EXERCISE DETAILS:
Would you transcribe the entries below, beginning at the line with "TI SENTO - Milano Earrings 7210ZY" and ending after the line with "Strooder Carma", exactly, with no picture and nothing more?
*** Opening of PROVIDED DATA ***
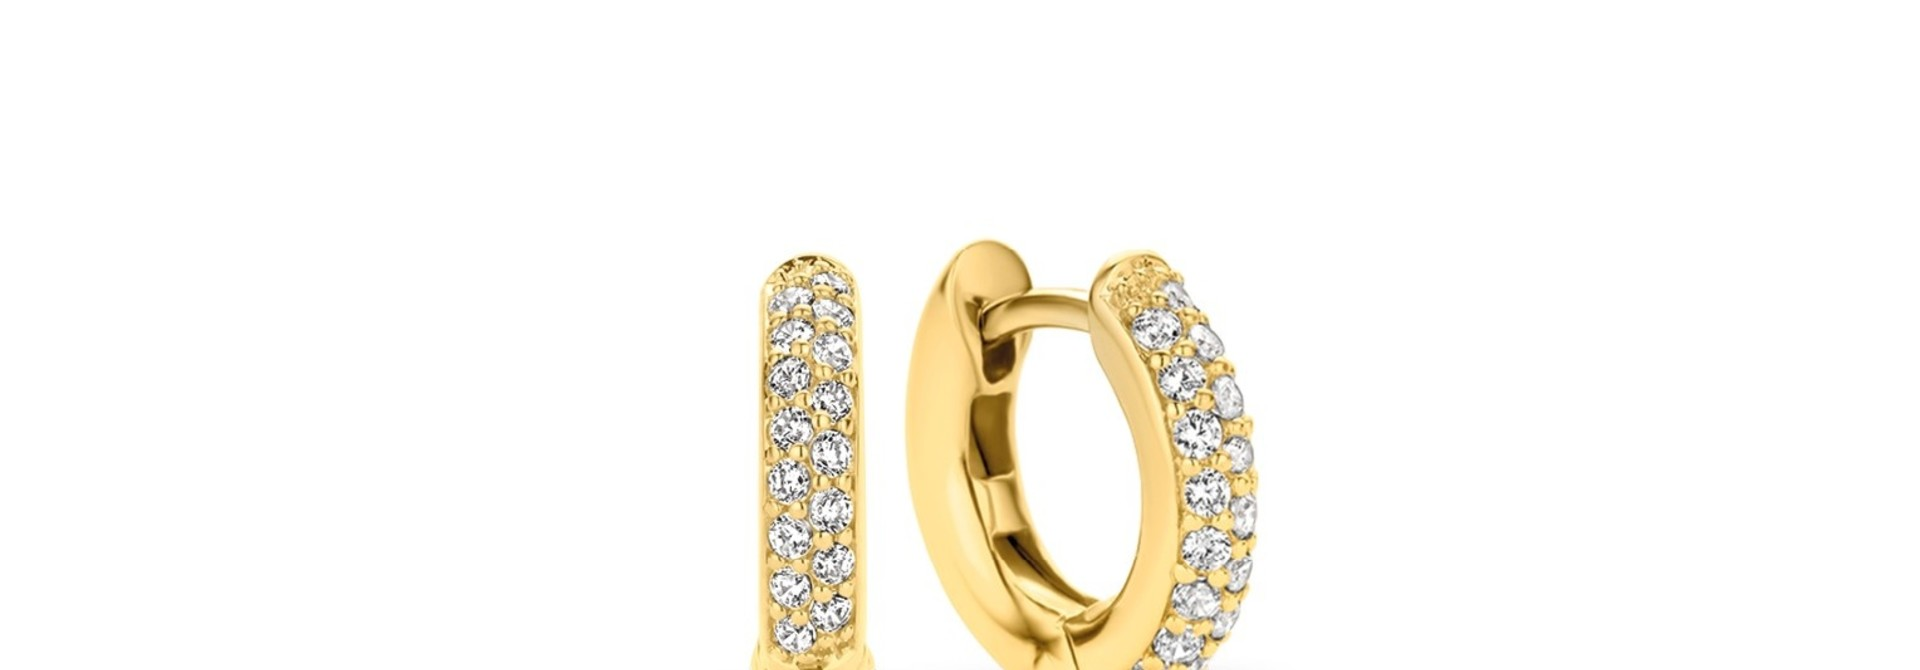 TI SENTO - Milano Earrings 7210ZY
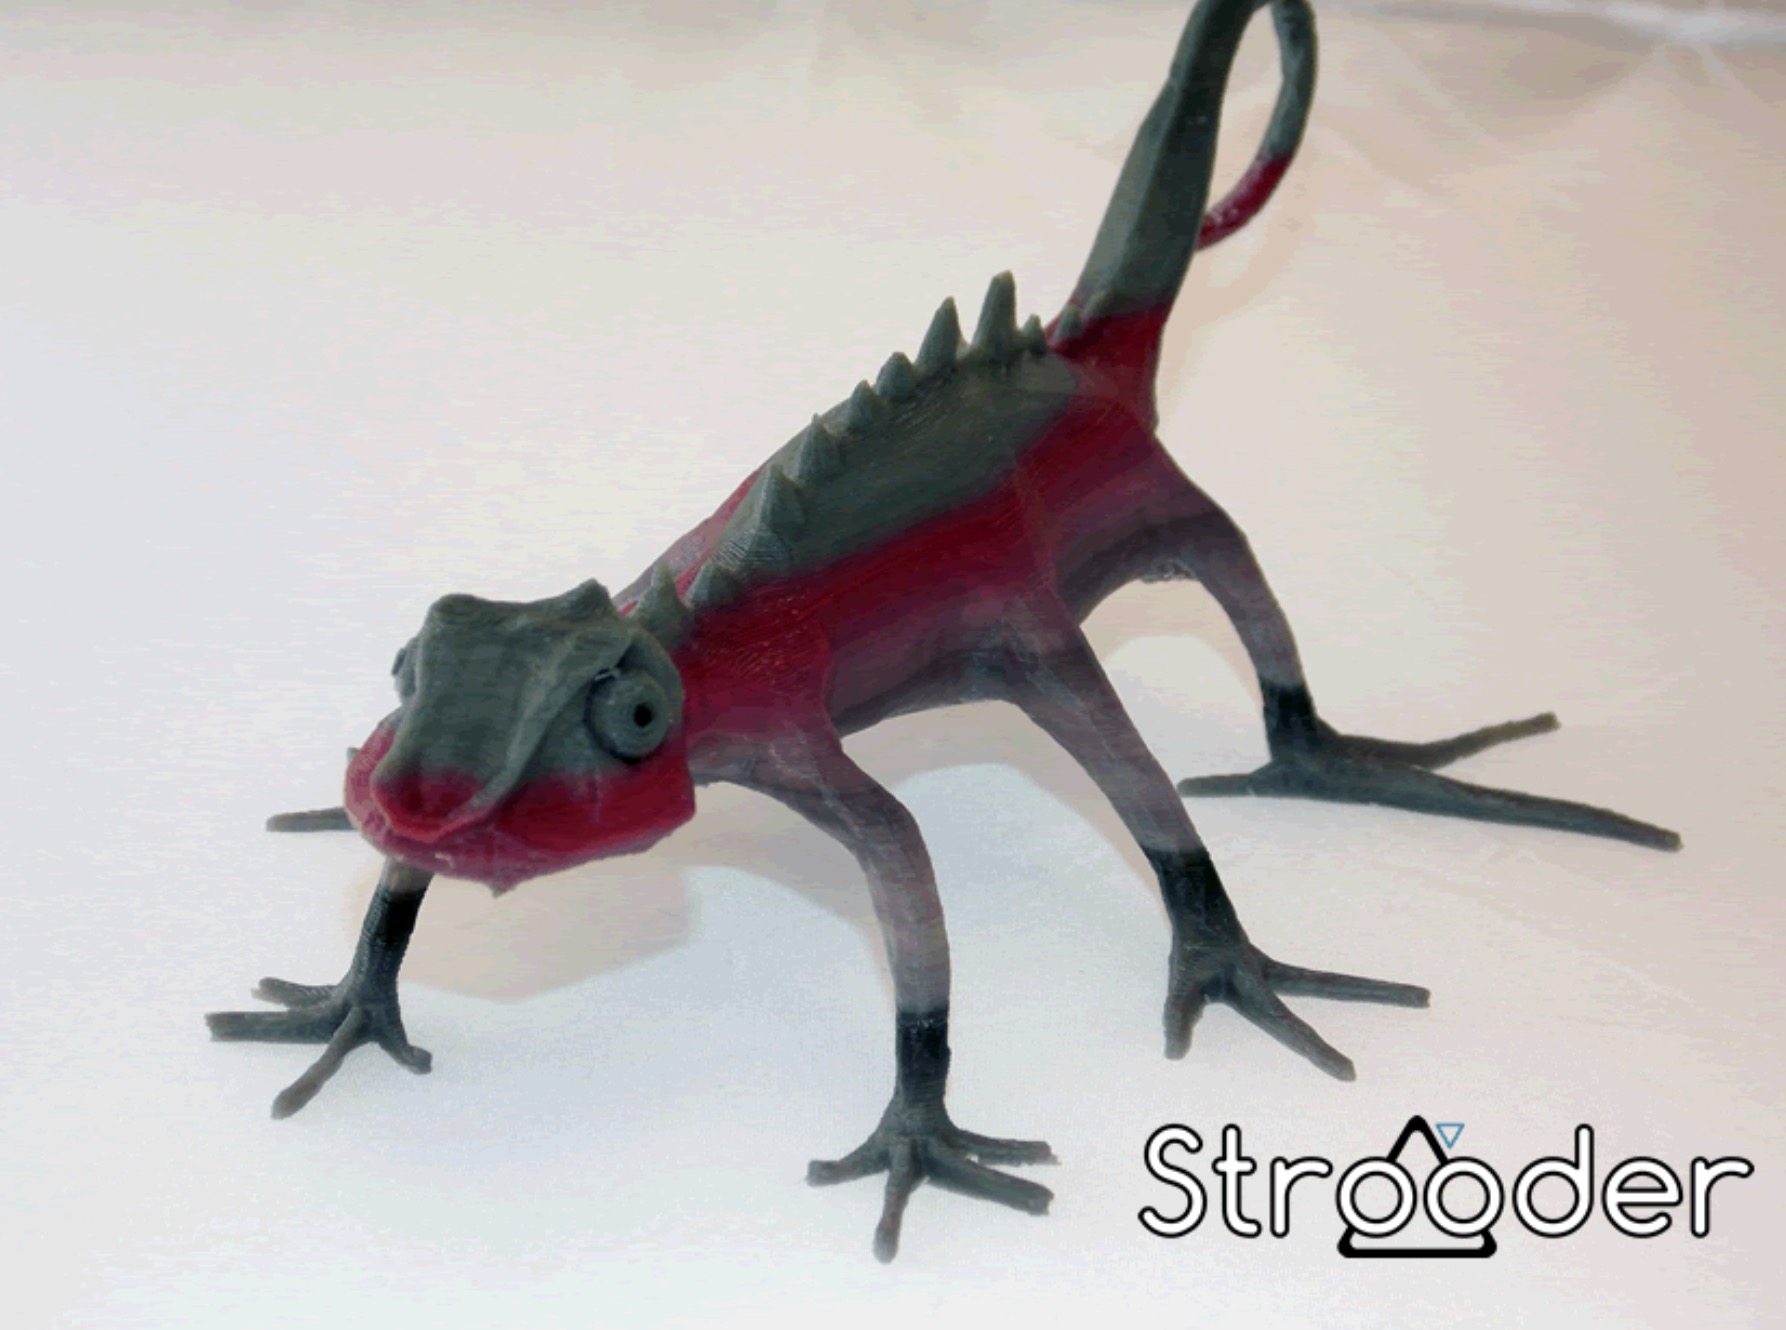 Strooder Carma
*** Close of PROVIDED DATA ***
*** Opening of PROVIDED DATA ***
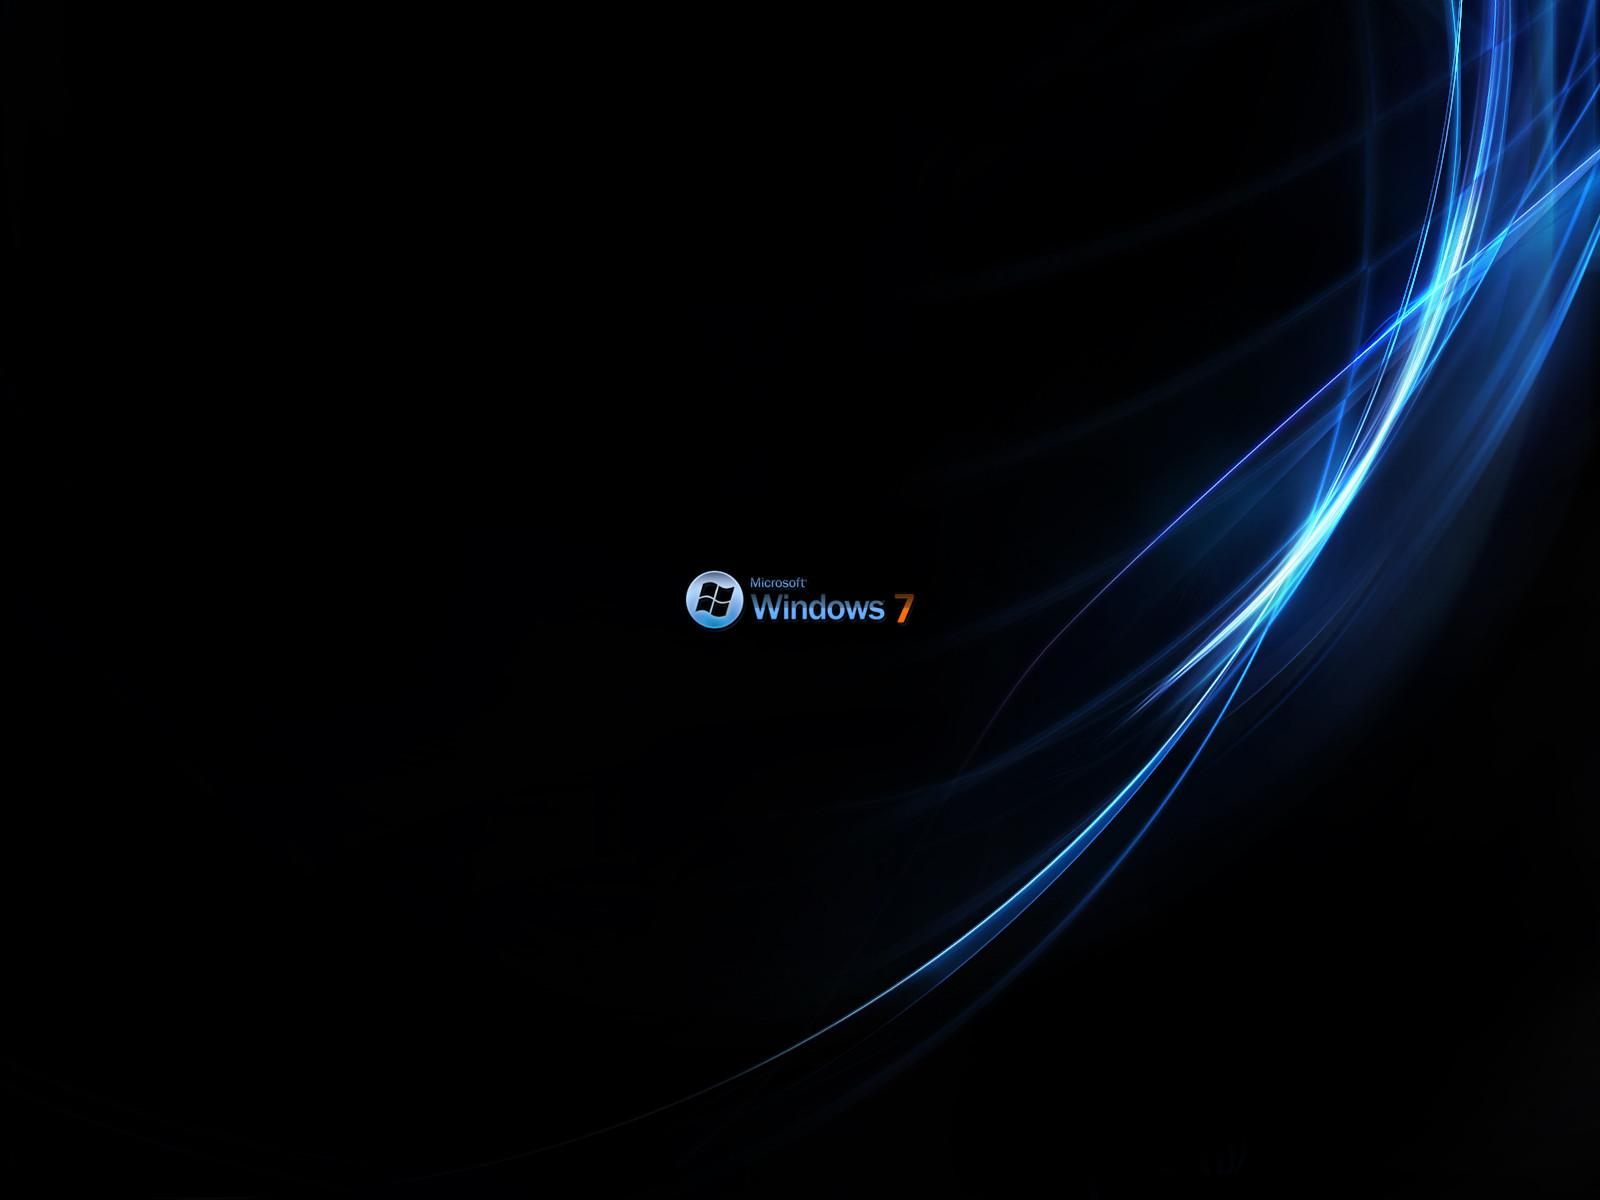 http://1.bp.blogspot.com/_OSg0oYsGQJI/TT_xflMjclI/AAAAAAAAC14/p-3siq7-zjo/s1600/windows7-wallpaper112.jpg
*** Close of PROVIDED DATA ***
OUTPUT FOR THIS EXERCISE:
 TI SENTO - Milano Earrings 7210ZY
 Strooder Carma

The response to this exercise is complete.